In April 2009, the BWC again turned to CMS for a methodology to reimburse the ASC, whose fee schedule had not been updated since 2005. CMS publishes an Ambulatory Surgical Center Prospective Payment System (ASC PPS). BWC has adopted the published 2010 ASC PPS payment rate and reimburses 100 percent of the CMS rate, moving from the old ASC Group methodology.
- In developing the vocational rehabilitation provider fee schedule, the BWC could not turn to CMS for a methodology as the codes and reimbursement for these services are not part of the Medicare population. There are 77 codes that make up the vocational rehabilitation fee schedule, and each of these codes was reviewed using data from other workers’ compensation systems that provide vocational rehabilitation as part of their benefit plan. In 50 of the 77 codes, fee increases were recommended.
- The final fee schedule to undergo a complete revision is the Outpatient Hospital fee schedule. The current reimbursement is a retrospective cost-plus ratio not to exceed 60 percent of billed charges, utilizing Ohio Medicare’s cost to charge ratios (CCR), which made estimating the cost of these services difficult, if not impossible.

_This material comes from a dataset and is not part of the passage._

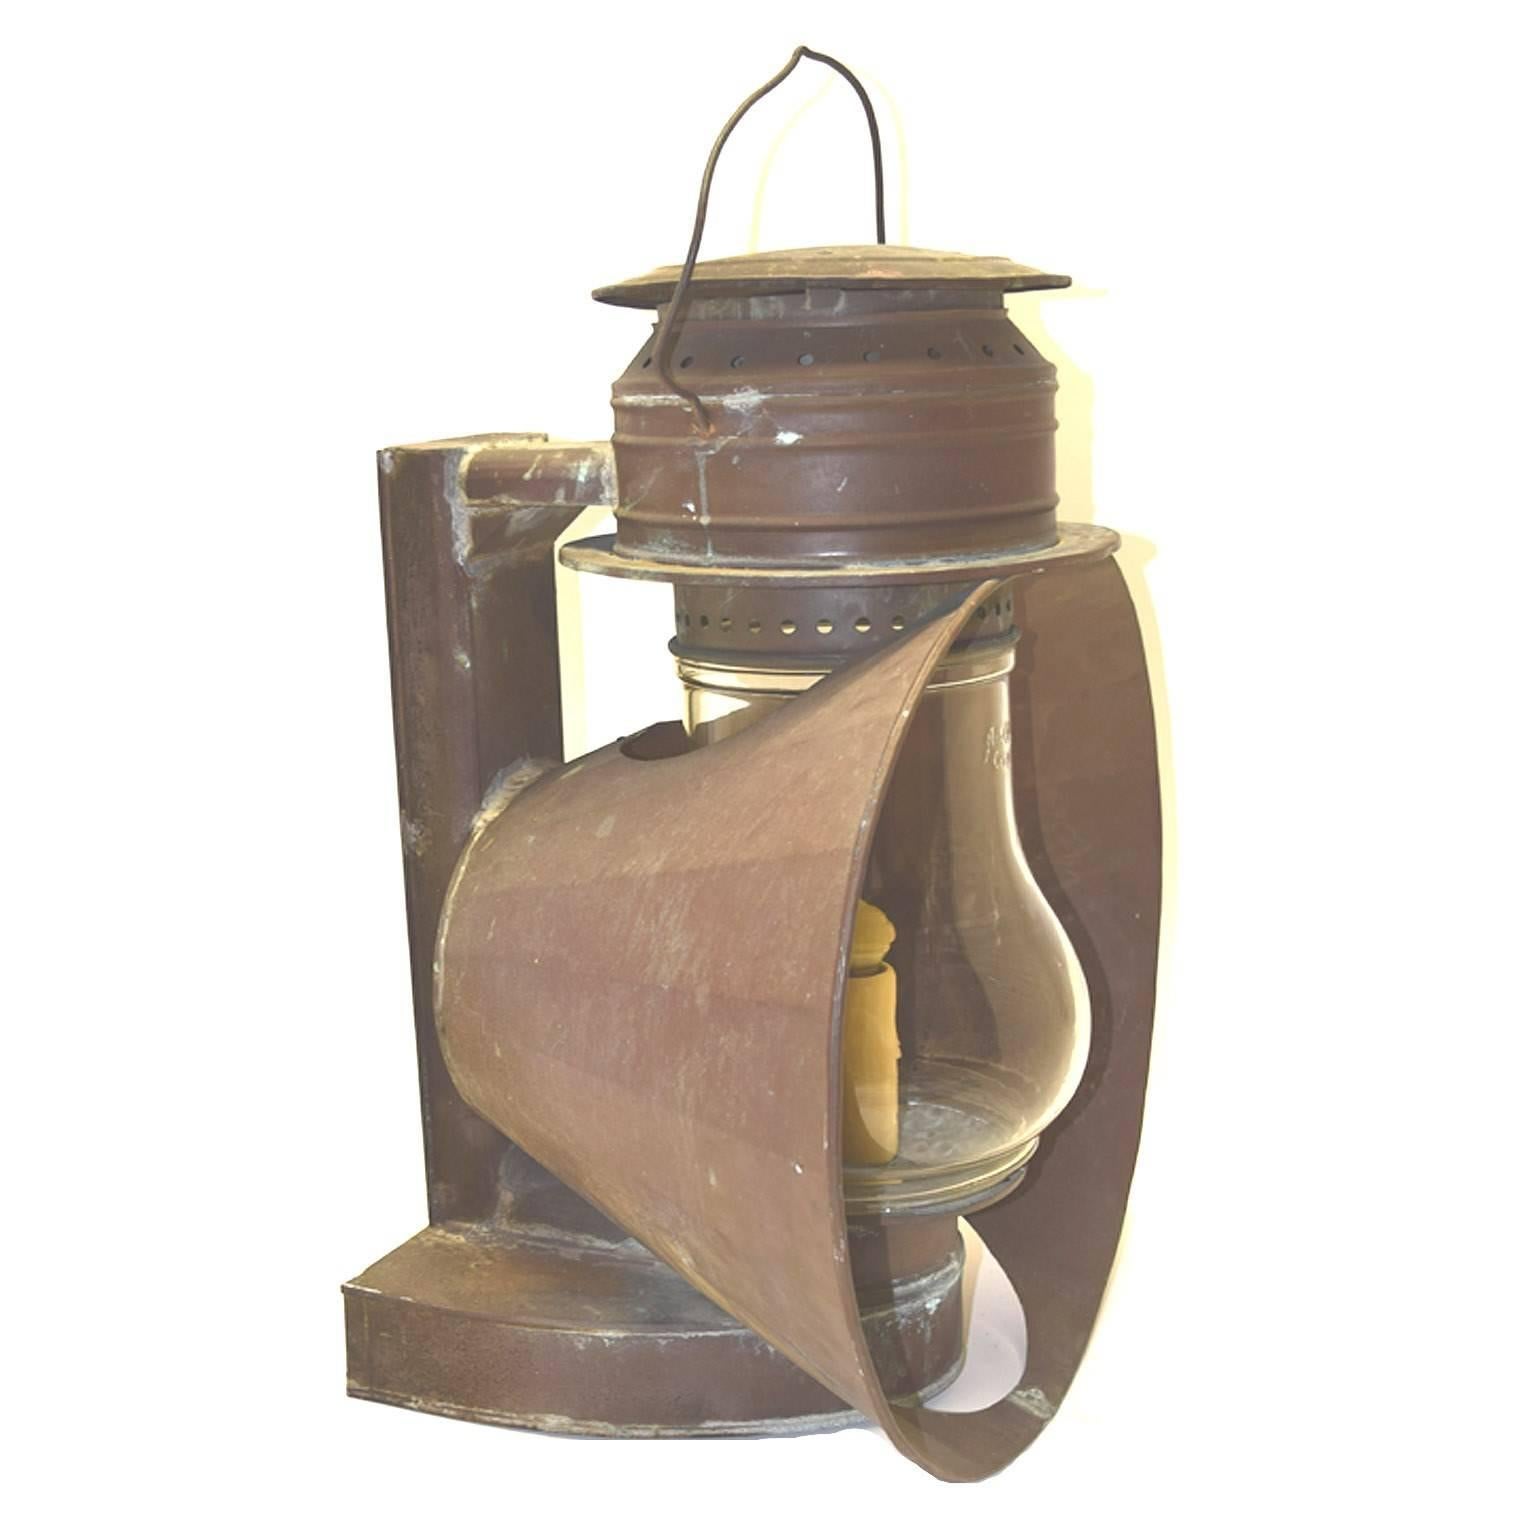 Antique American copper ship lanterns, with swing handles, cylindrical glass chimneys, replacements, circular multisided and faceted tapering reflectors, later candle wired, circa 1890-1910.

The proposed fee schedule is to adopt a modified version of Medicare’s Outpatient Prospective Payment System (OPPS) and move from the retrospective cost-plus methodology. OPPS uses Ambulatory Payment Classifications (APCs) assigned to each CPT/HCPCS code, with a set predetermined payment amount. APCs are groups of clinically similar procedures or services with similar resource consumption.
OPPS also partially packages services so services, supplies and procedures are built into the reimbursement rate. BWC will use the OPPS rates times the BWC established payment adjustment factor, similar to the conversion rate in inpatient reimbursement, to set the modified OPPS reimbursement rate.
Why should employers care about these fee schedule changes?
The BWC has undertaken a huge revision of the process of setting fee schedules, moving from a retrospective payment methodology to a prospective payment methodology, which will promote equity and consistency on payments, encourage improved efficiencies of providing care and allow for some predictability of payments. To do this, they turned to the CMS, a branch of the government that provides the vast research and review necessary for all the different areas and types of fee schedules.
In addition, following the lawsuit by the Ohio Hospital Association, BWC is required to make changes to any fee schedule via the rulemaking process. This requires all fee schedules to be presented and approved by the BWC Board of Directors through a two-step reading process.